Lab 7

  • Review of linear model assumptions

  • Evaluating model assumptions

    • Visual assessments

    • Formal tests

  • Outliers and influential points

Today’s topics

  • Model selection approaches

    • Purpose –> Method

    • Exploration

      • Variable screening

      • Stepwise Procedures

    • Prediction


Model Selection Approaches

Purpose precedes method

Model selection is the formal process of choosing a model (out of possibly many) using some defined performance criterion (or several) that somehow best describes the system. As we have seen in lecture, there are many approaches available when it comes to model selection. Importantly, however, we should note that the way we go about model selection should be directly informed by the purpose of our research study. Models which are used for exploration should not be used for prediction. Those which are used for prediction may or may not be helpful in the context of inference. Below, we will look at several model selection approaches within the context of study purpose.



Exploration

When a biological system is not yet well understood, exploration is often the purpose of many research studies. Exploration is used to help identify potential relationships between variables and can be the motivation for the development of future hypotheses.

It is important to remember that the results of an exploratory study should not be viewed as demonstrating proof of a hypothesis. It is only providing evidence for a potential hypothesis that will need future testing with new data.

Several model selection approaches are commonly used during exploratory studies. Below, we will talk about two broad approaches, variable screening and step-wise procedures.

Data example

Genetic modification allows for the production of food crops which have increased usefulness to people. These modifications may be directly related to the nutritional content of the crop, such as increasing digestibility, or they may broadly affect the process of crop production, such as decreasing the time required before harvest can occur. In either case, knowledge of the relationships between genetic variability and phenotypic response is a necessary step in modifying a species’ genetic structure.

Soybeans (Glycine max) are a species of legume native to East Asia which are used worldwide for a variety of food products as well as feed for livestock. In this dataset, a researcher is studying the relationship between several genetic markers and the flowering time of soybean plants. In each row of the dataset, the average flowering time of 10 soybean plants of a particular variety are recorded as well as the parental type (A or H) of each of 141 genetic markers.


Import the data into R and examine the dataset

library(FANR6750)
data('soybeandata')

Variable screening

Having seen the data set, it is clear that there are many more possible predictor variables than we would like to put into one model. Determining which to include and which to leave out, however, can be a tedious process (especially with so many).
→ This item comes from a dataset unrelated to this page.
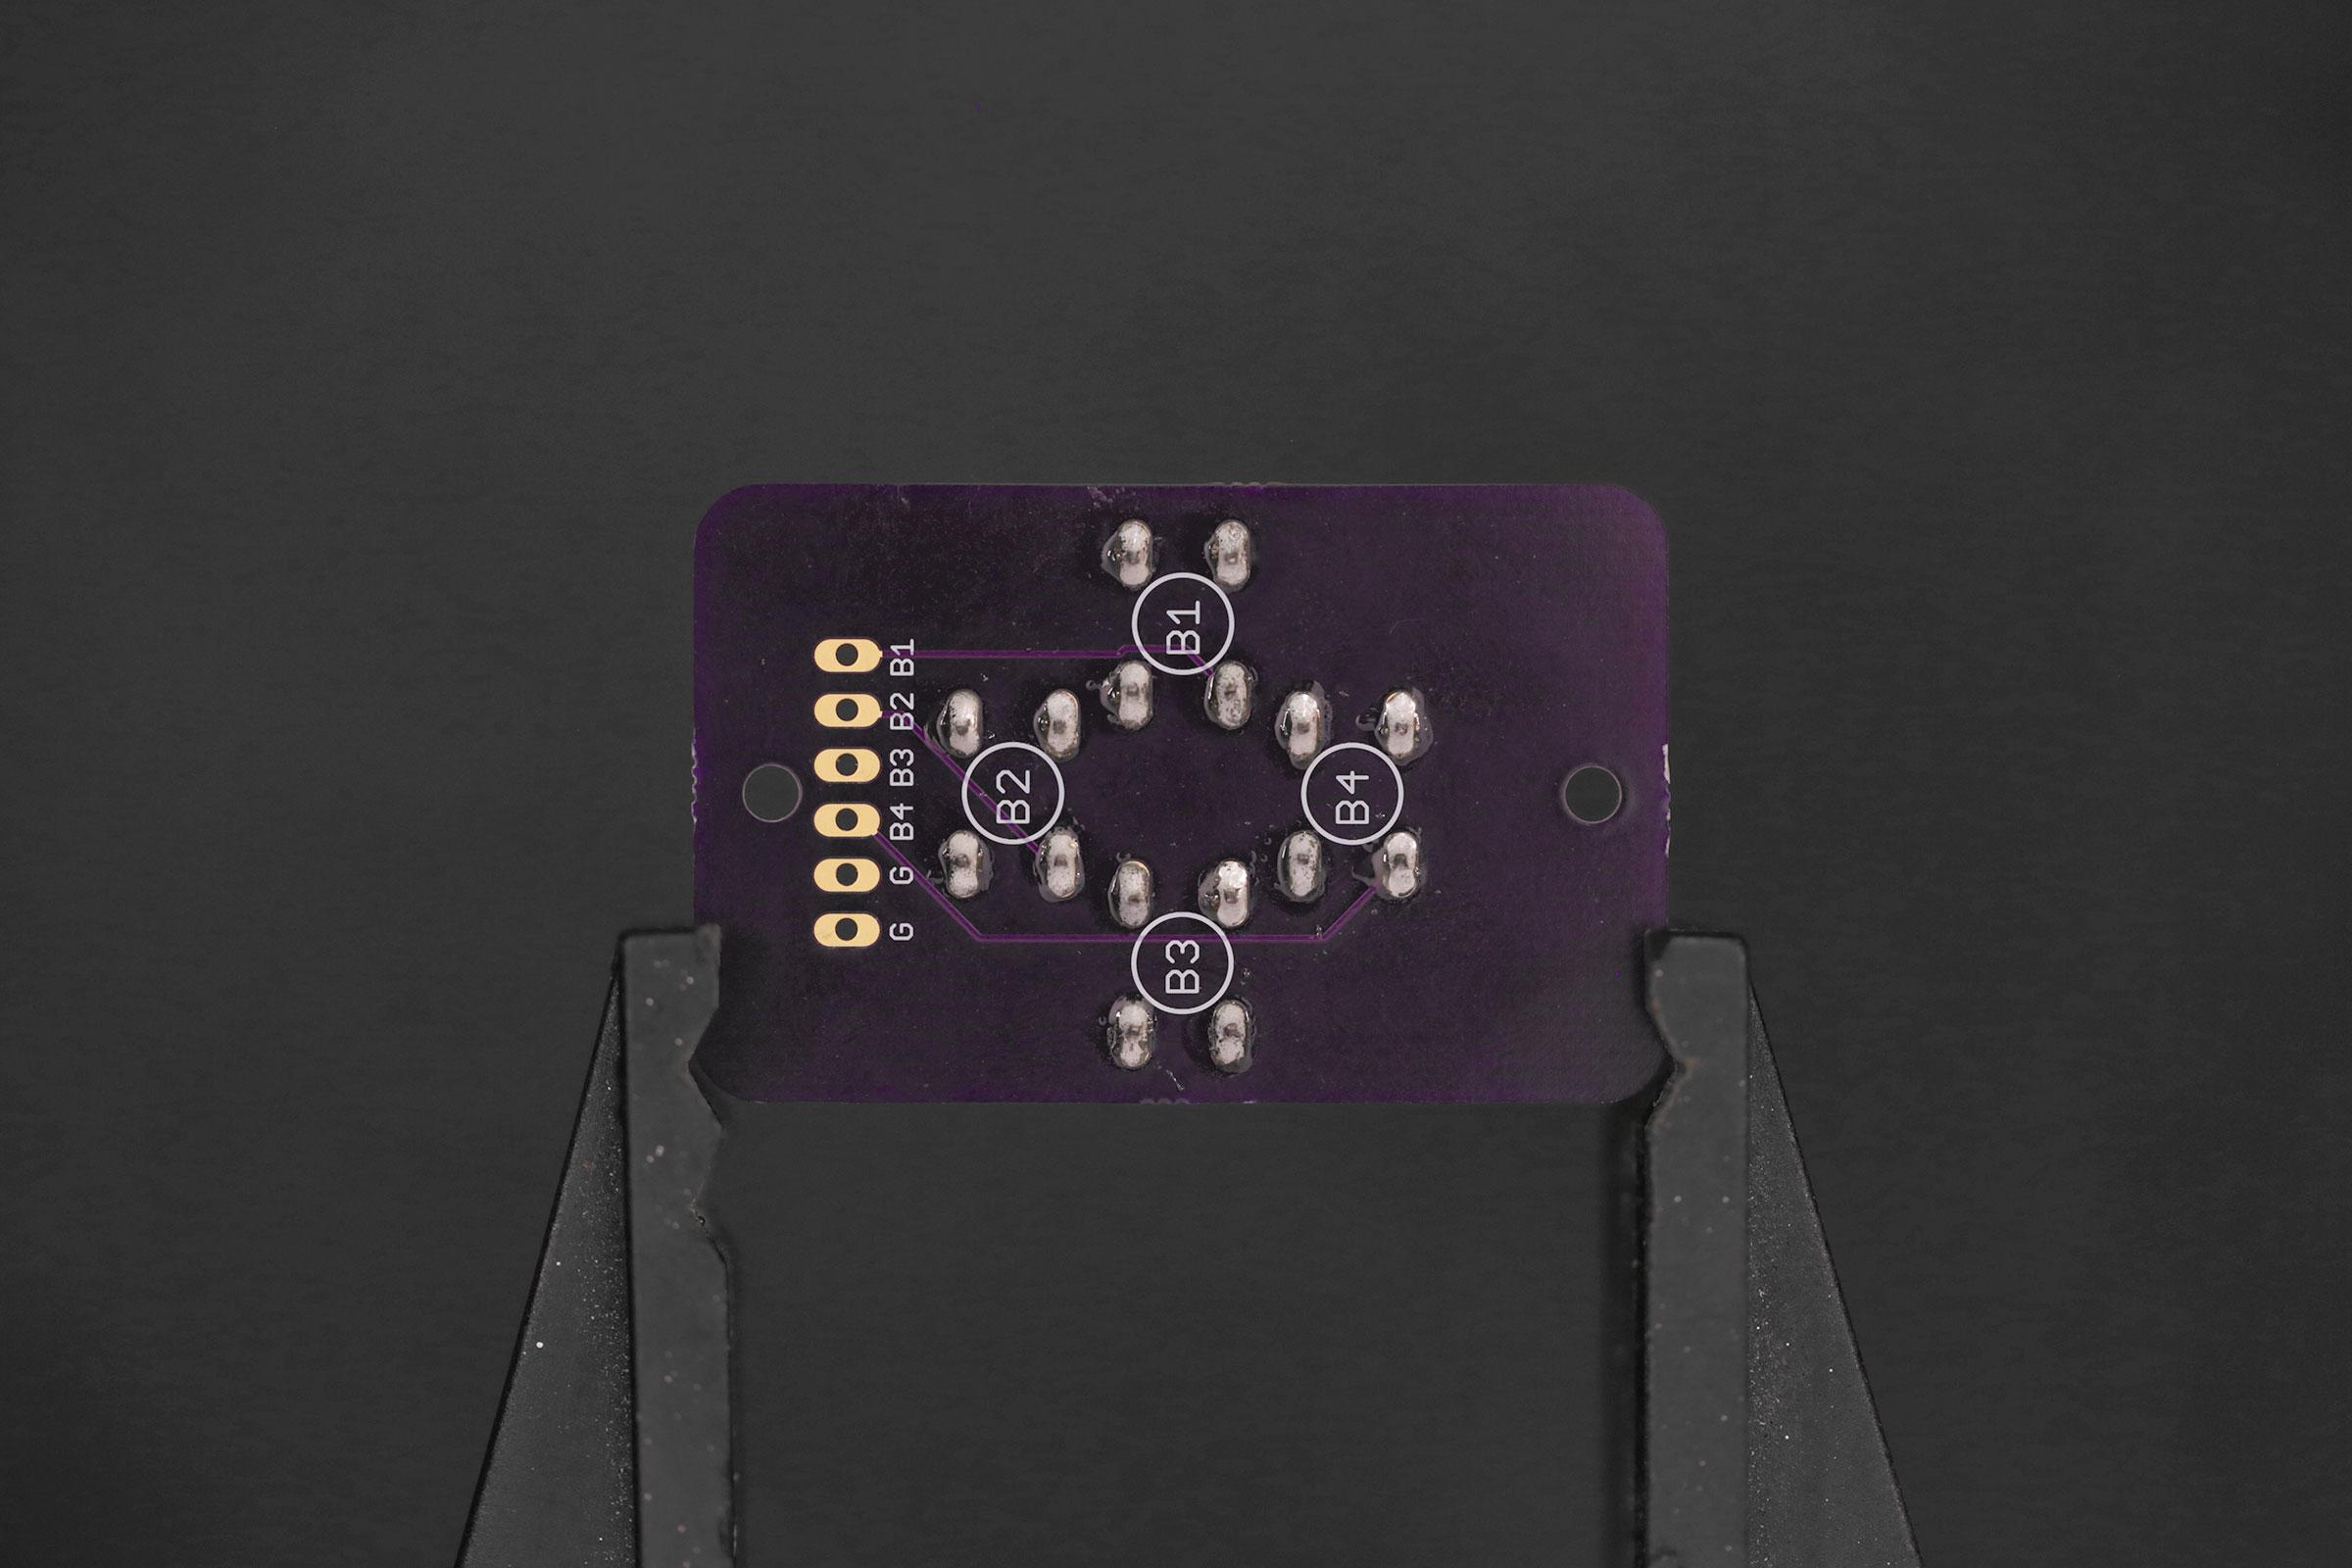 raspberry_pi_gamepad-buttons-soldered.jpg

We will begin this process using variable screening. This will involve determining a subset of the possible predictors which have the strongest relationships with the response variable.

Note: The code used to set up this analysis is complex. Do not worry too much about getting bogged down in the details of how this data management is done. The main principles being demonstrated here can be seen with other simpler datasets as well.

library(magicfor)
library(MASS)

# Create a dataframe which contains only the genetic markers
genetic_matrix <- soybeandata[,-c(1:3)]

genetic_matrix <- genetic_matrix %>% mutate_if(is.character,as.factor)

# Function which stores the results from a for loop
magic_for(print, silent = TRUE)

for (i in 1:ncol(genetic_matrix)){
  output1=t.test(soybeandata$Flower09 ~genetic_matrix[,i])
  output2=round(c(output1$statistic,output1$stderr,output1$p.value),4)
  output3=c(paste("marker",i,sep=""),output2)
  print(output3)
}

Above, we see our first example of a for loop in this course. For loops allow us to execute a set of statements in an iterative way which can greatly reduce the number of code lines we have to write.

The above loop works by iterating through each column of the genetic_matrix dataframe and performing multiple tasks. First, the loop conducts a t-test using the two levels (A and H) within a particular genetic marker as the grouping variable and flowering time as the response. The for loop does this for each of the 141 genetic markers. Next, the loop stores the t-test output, rounds those values, and assigns each of them to a particular marker.

# This line uses the magic_for() function to save the output of the for loop as a dataframe
flower_output1=magic_result_as_dataframe()

Above, we have saved the output from our for loop into a dataframe. The format of the data, however, is not very convenient. All of the information has been piled into one column. Below, we can take the values and spread them out into a matrix which will make them easier to view and work with.

flower_output=as.data.frame(matrix(flower_output1[,2],nrow=141,byrow=TRUE))

# Creates more informative column names
colnames(flower_output) <- c("marker", "t.stat","Std.Error","pval")

flower_output$pval=as.numeric(as.character(flower_output$pval))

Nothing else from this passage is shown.